It is better to risk saving a guilty man than to condemn an innocent one. 
..............
Nothing can be more contrary to religion and the clergy than reason and common sense. 
..............
Those who can make you believe absurdities can make you commit atrocities.
..............
What is tolerance? It is the consequence of humanity. We are all formed of frailty and error; let us pardon reciprocally each other's folly - that is the first law of nature. 
..............
A witty saying proves nothing. 
..............


----------



## Macfury (Feb 3, 2006)

I woud say as well that since Canada Post monopolizes the delivery of letter mail it is doubly obliged to carry the material.


----------



## MacDoc (Nov 3, 2001)

Um SoyMac - think about it for a minute.
Gays have worked hard to establish THEIR rights......not to attack others.
Completely different.


----------



## MacDoc (Nov 3, 2001)

Having trouble with "duty of care" MF ??

The mail carrier has responsibility AS the deliverer to undertake that harmful substances or illegal materials are NOT delivered.

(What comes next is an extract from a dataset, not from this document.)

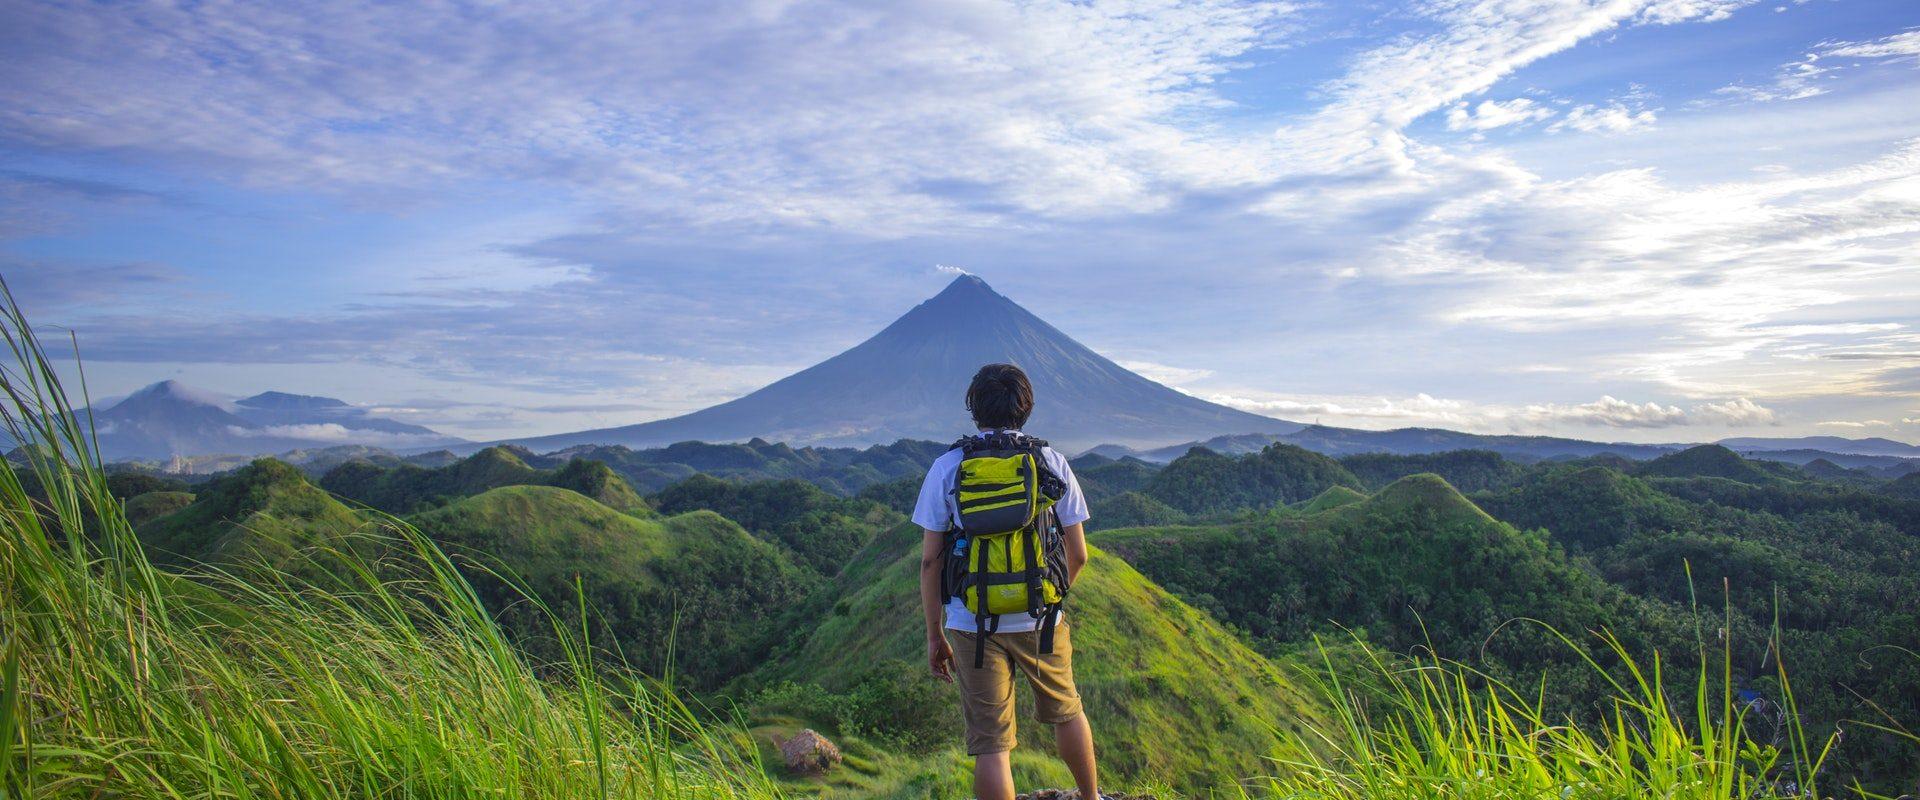 Κάντε κράτηση για μοναδικά ταξίδια και εμπειρίες σε όλο τον κόσμο.

Duty of care relies on common sense. If the carrier has a doubt it's well within their responsibility to refuse it just as they would any other "dangerous" good until such time as the material or substance is declared legal or safe.

Would you have the carrier knowingly deliver a bomb or a brick of heroin?? That's the logical outcome of your approach.

Just because it shows up in the mail does not mean its legal - especially to deliver and in particular to "Occupant".
Each representative of the Postal authority holds responsibility for mail in their hands and to know better than the average jill or joe what should be there or should not be....and to question anything the grey area.


----------



## Vandave (Feb 26, 2005)

SoyMac said:


> I don't think you'll see gay and lesbian groups protesting against this.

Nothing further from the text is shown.